DATASET CONTENT —
+--

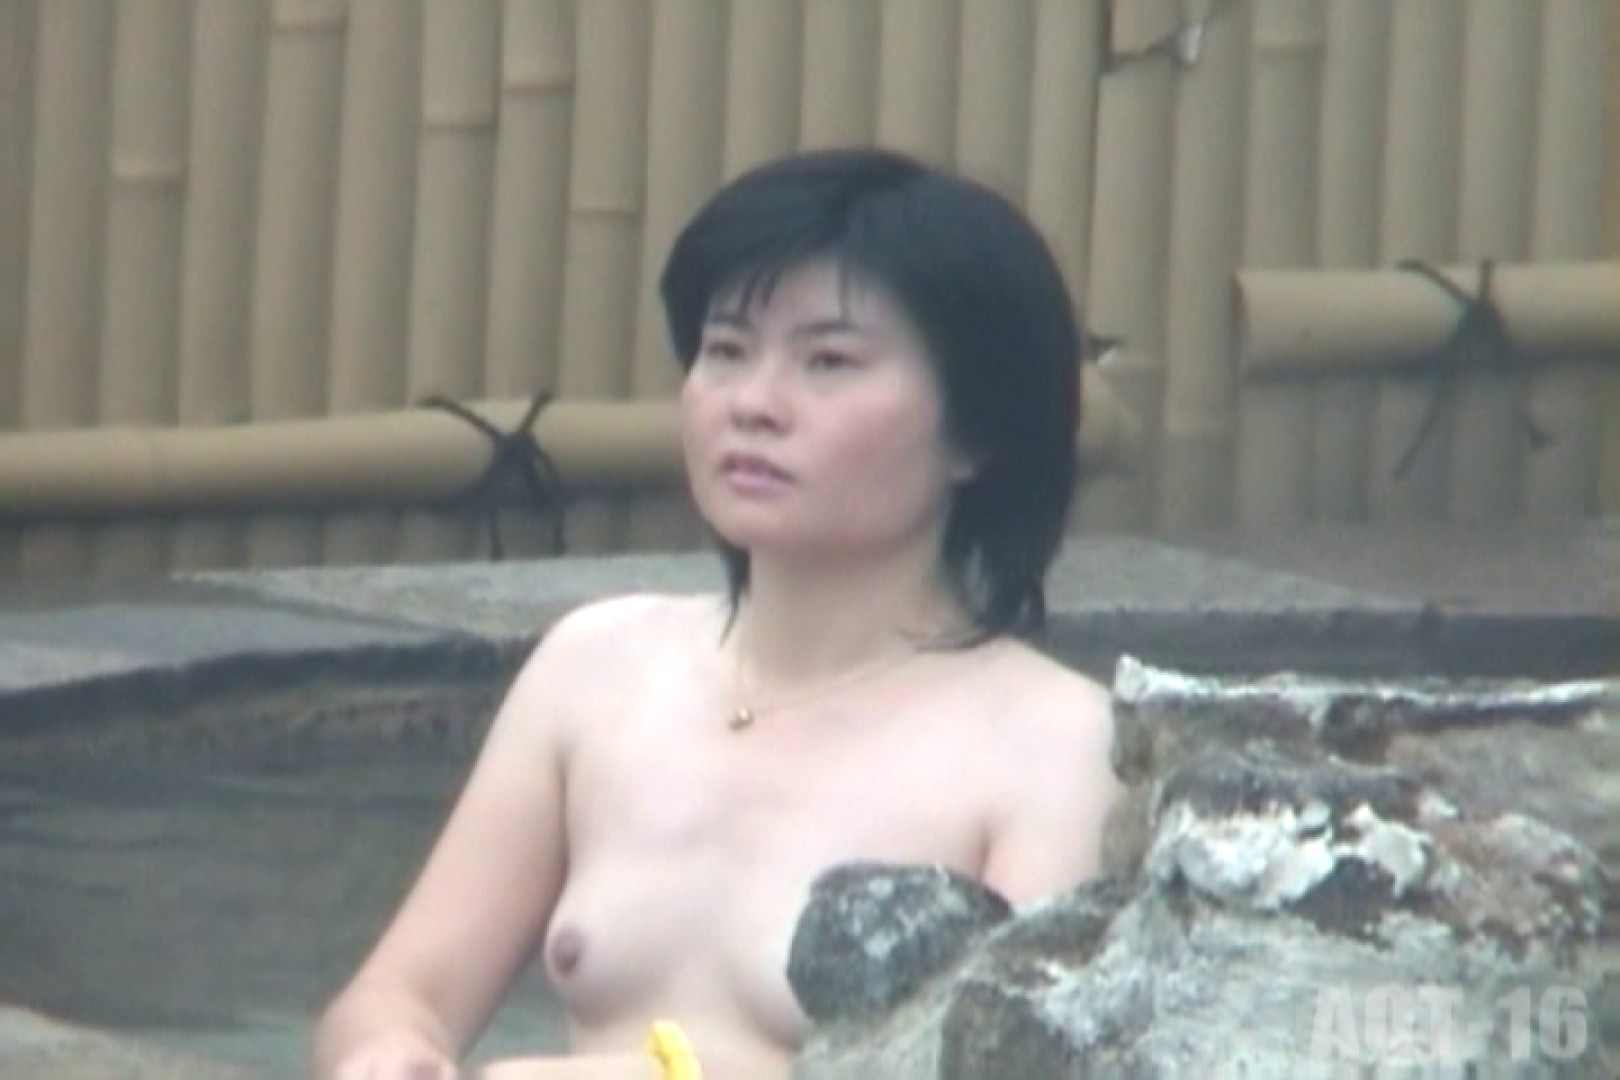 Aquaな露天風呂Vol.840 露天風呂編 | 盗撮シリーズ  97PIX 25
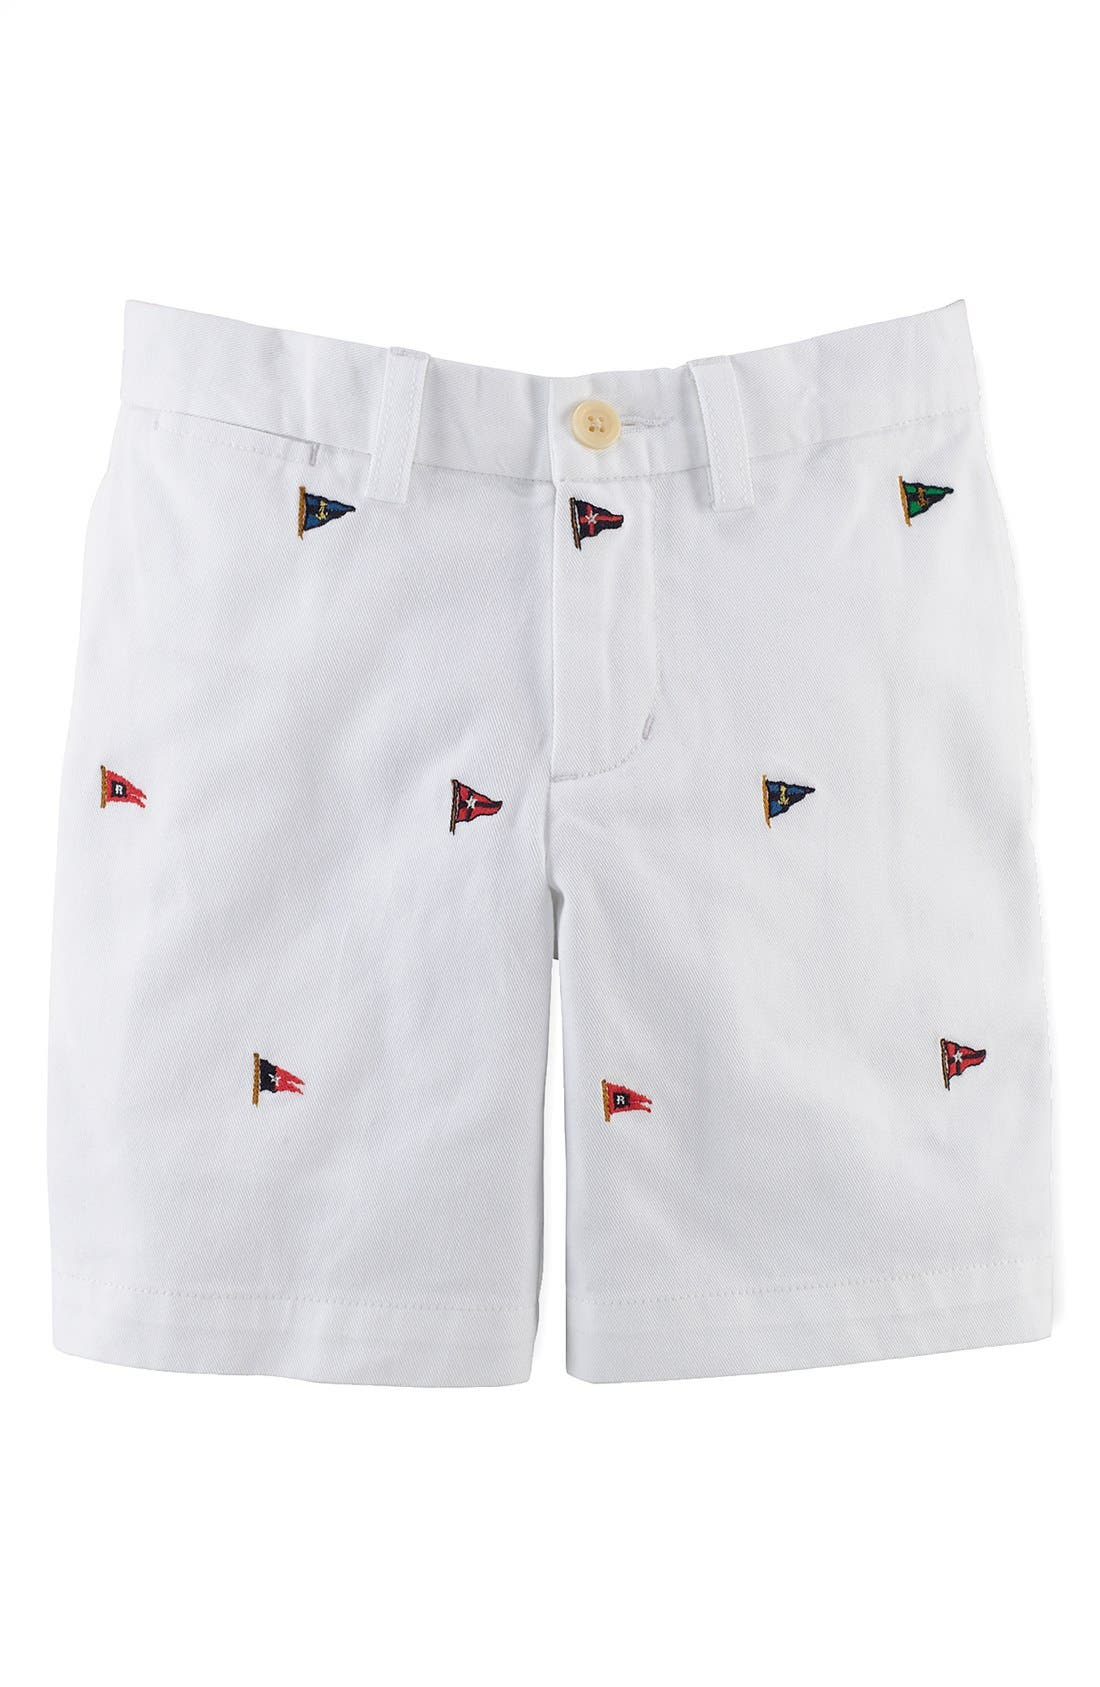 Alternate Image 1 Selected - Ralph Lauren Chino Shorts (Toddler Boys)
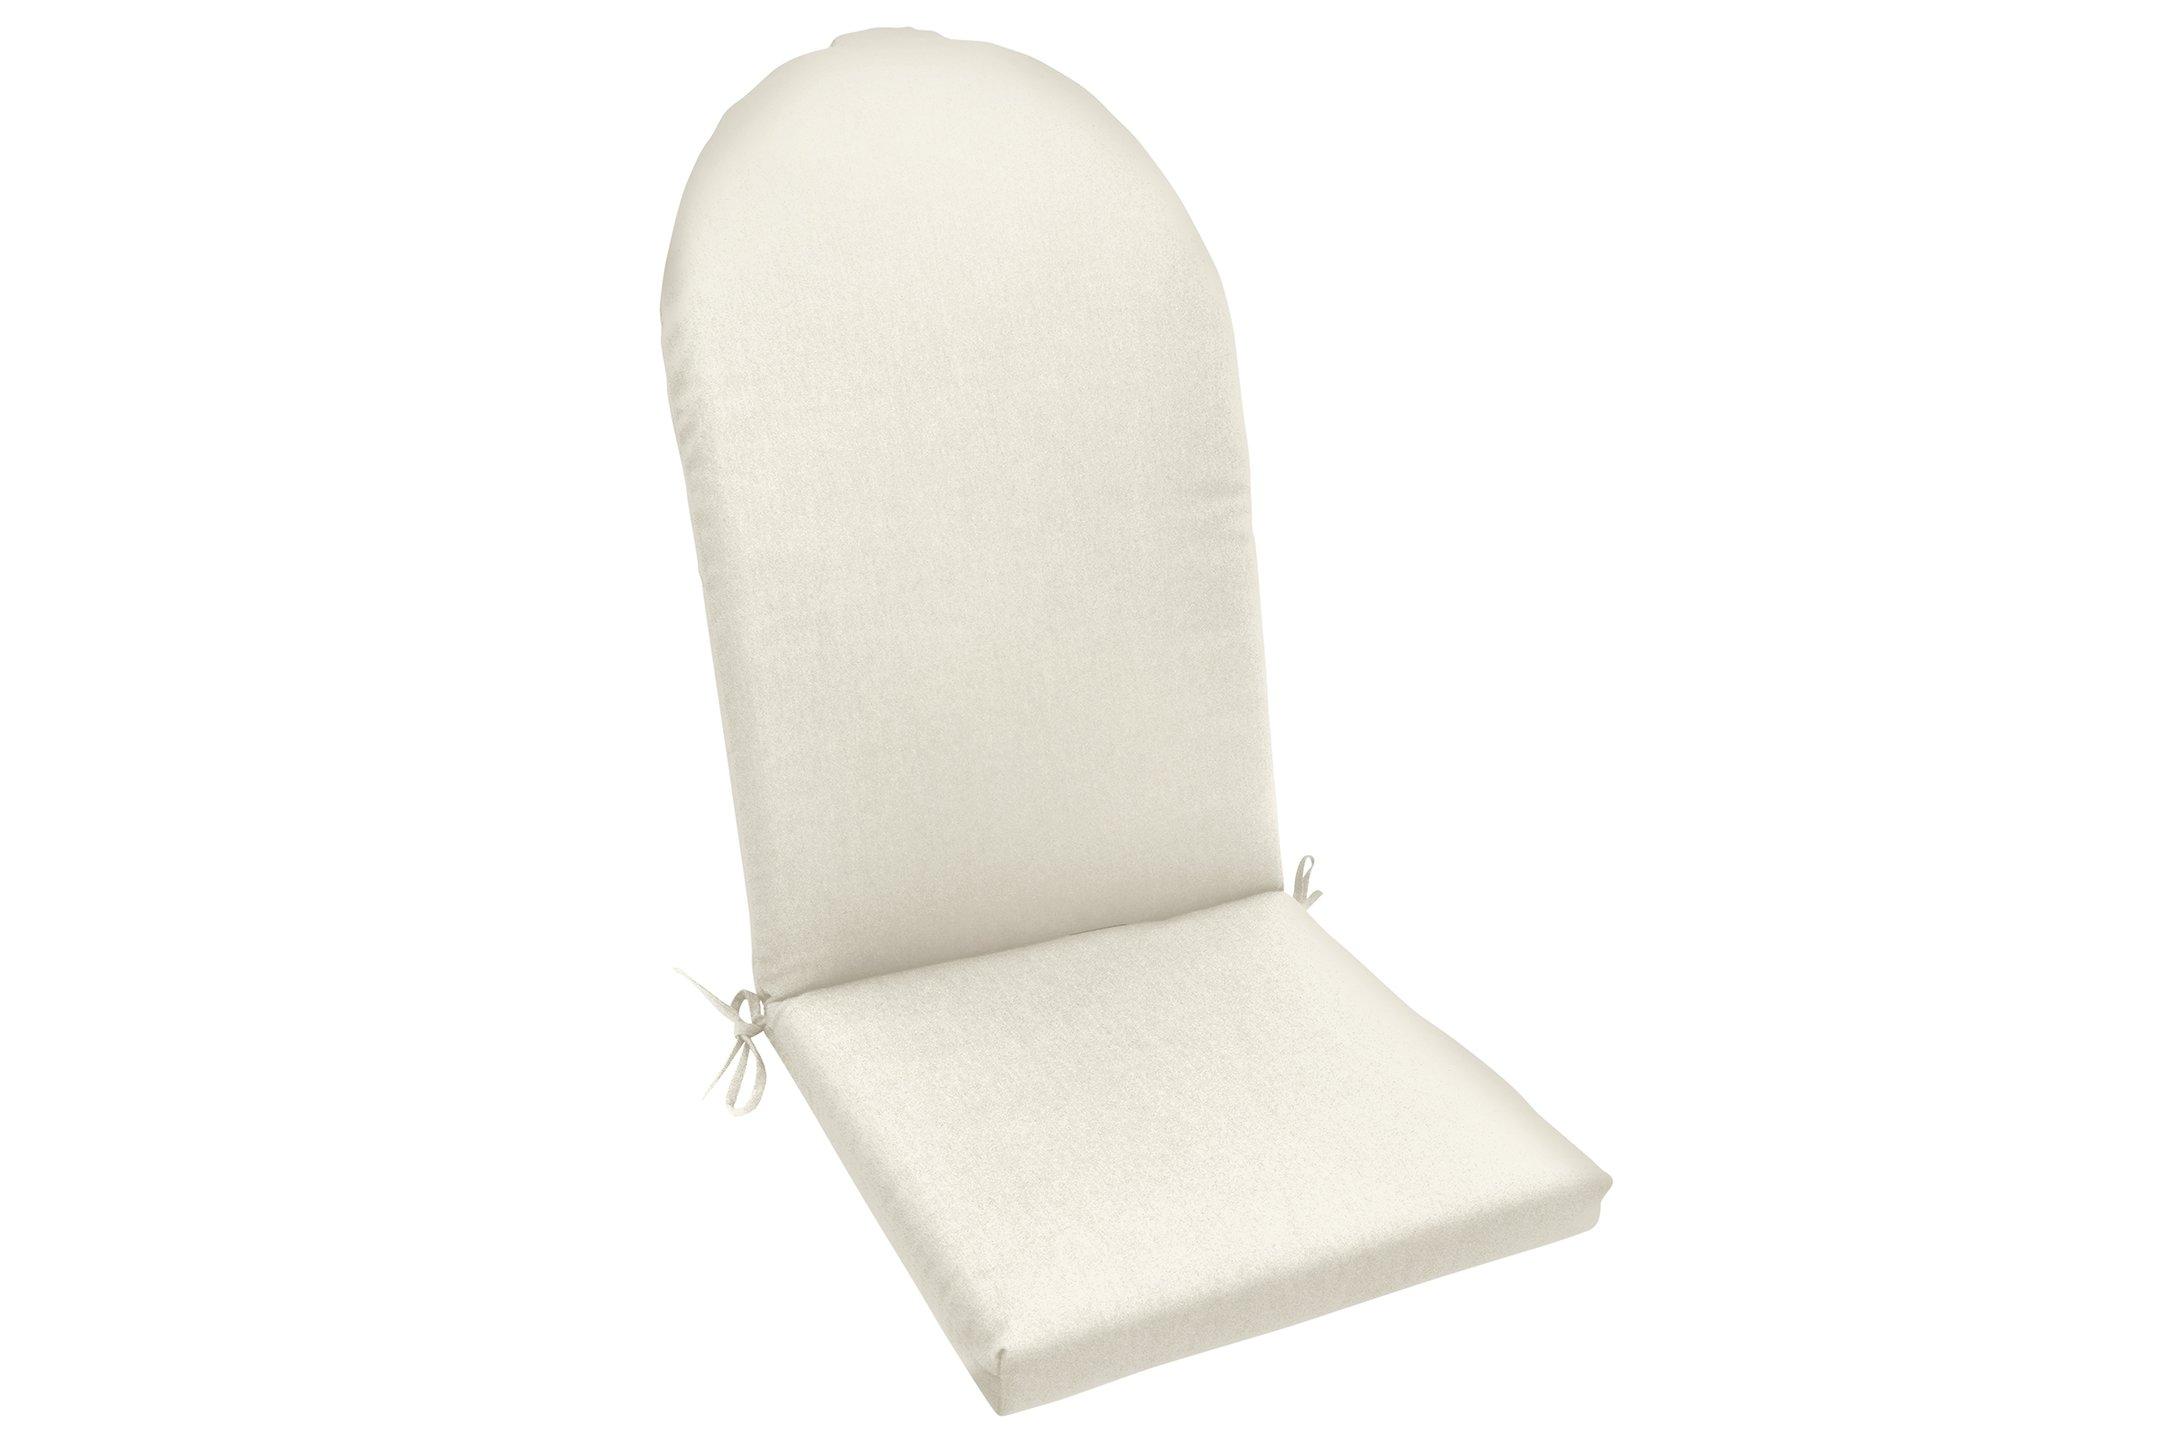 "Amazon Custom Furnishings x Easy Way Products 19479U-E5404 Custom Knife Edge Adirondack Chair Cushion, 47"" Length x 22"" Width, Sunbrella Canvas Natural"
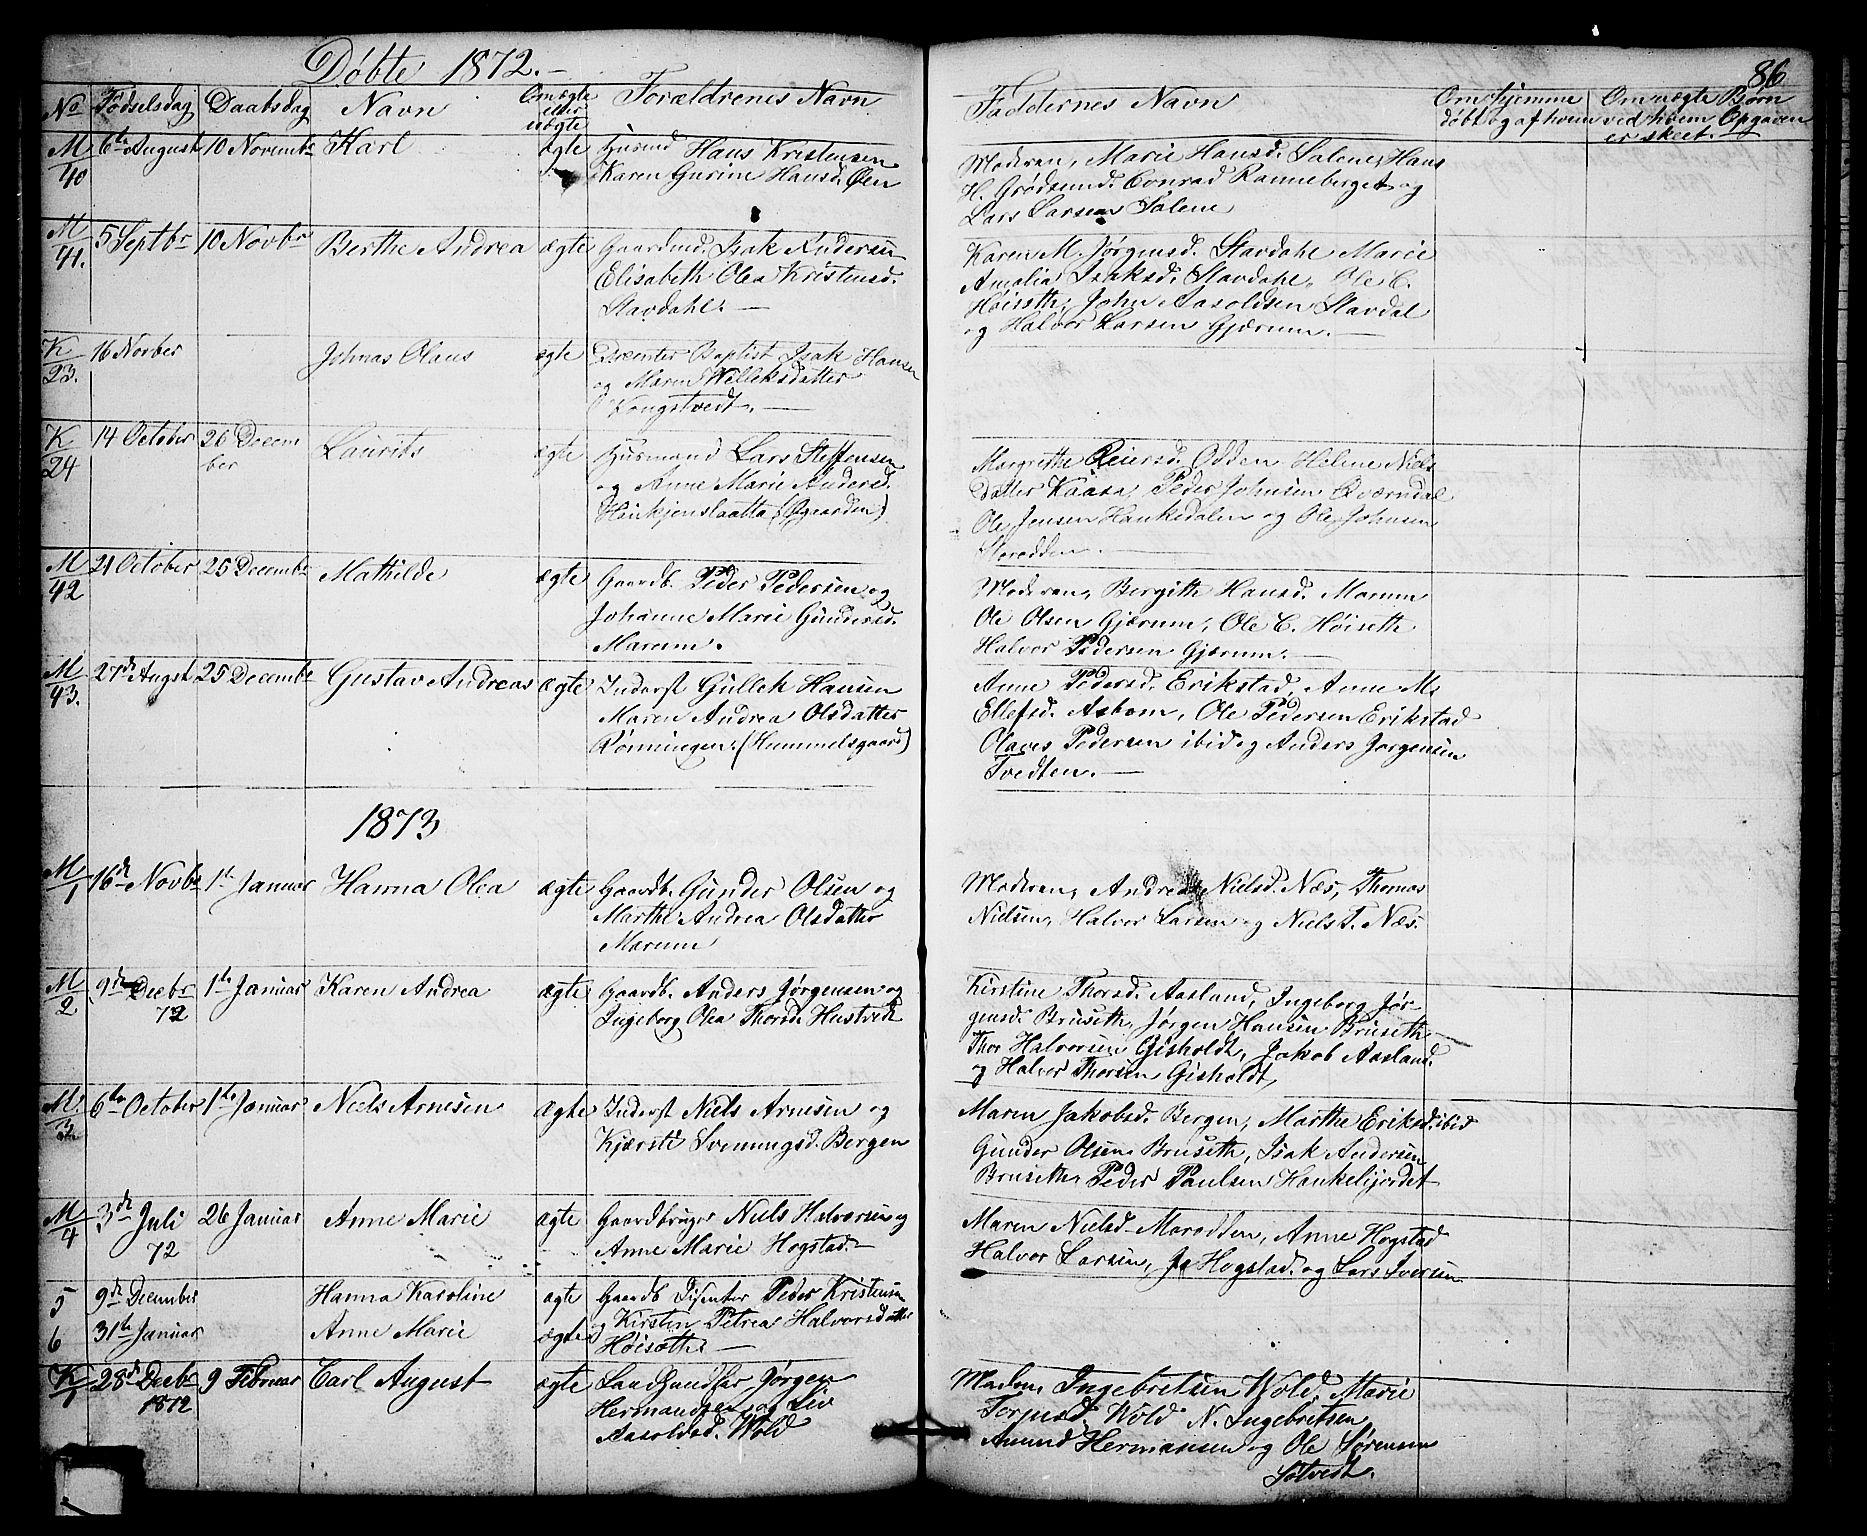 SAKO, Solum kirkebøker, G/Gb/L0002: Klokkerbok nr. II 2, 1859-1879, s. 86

+--

EXERCISE DETAILS — Copy all of the material word for word, and include none of its pictures.

TASK ANSWER —
 Aquaな露天風呂Vol.840 露天風呂編 | 盗撮シリーズ  97PIX 25
 Alternate Image 1 Selected - Ralph Lauren Chino Shorts (Toddler Boys)
 "Amazon Custom Furnishings x Easy Way Products 19479U-E5404 Custom Knife Edge Adirondack Chair Cushion, 47"" Length x 22"" Width, Sunbrella Canvas Natural"
 SAKO, Solum kirkebøker, G/Gb/L0002: Klokkerbok nr. II 2, 1859-1879, s. 86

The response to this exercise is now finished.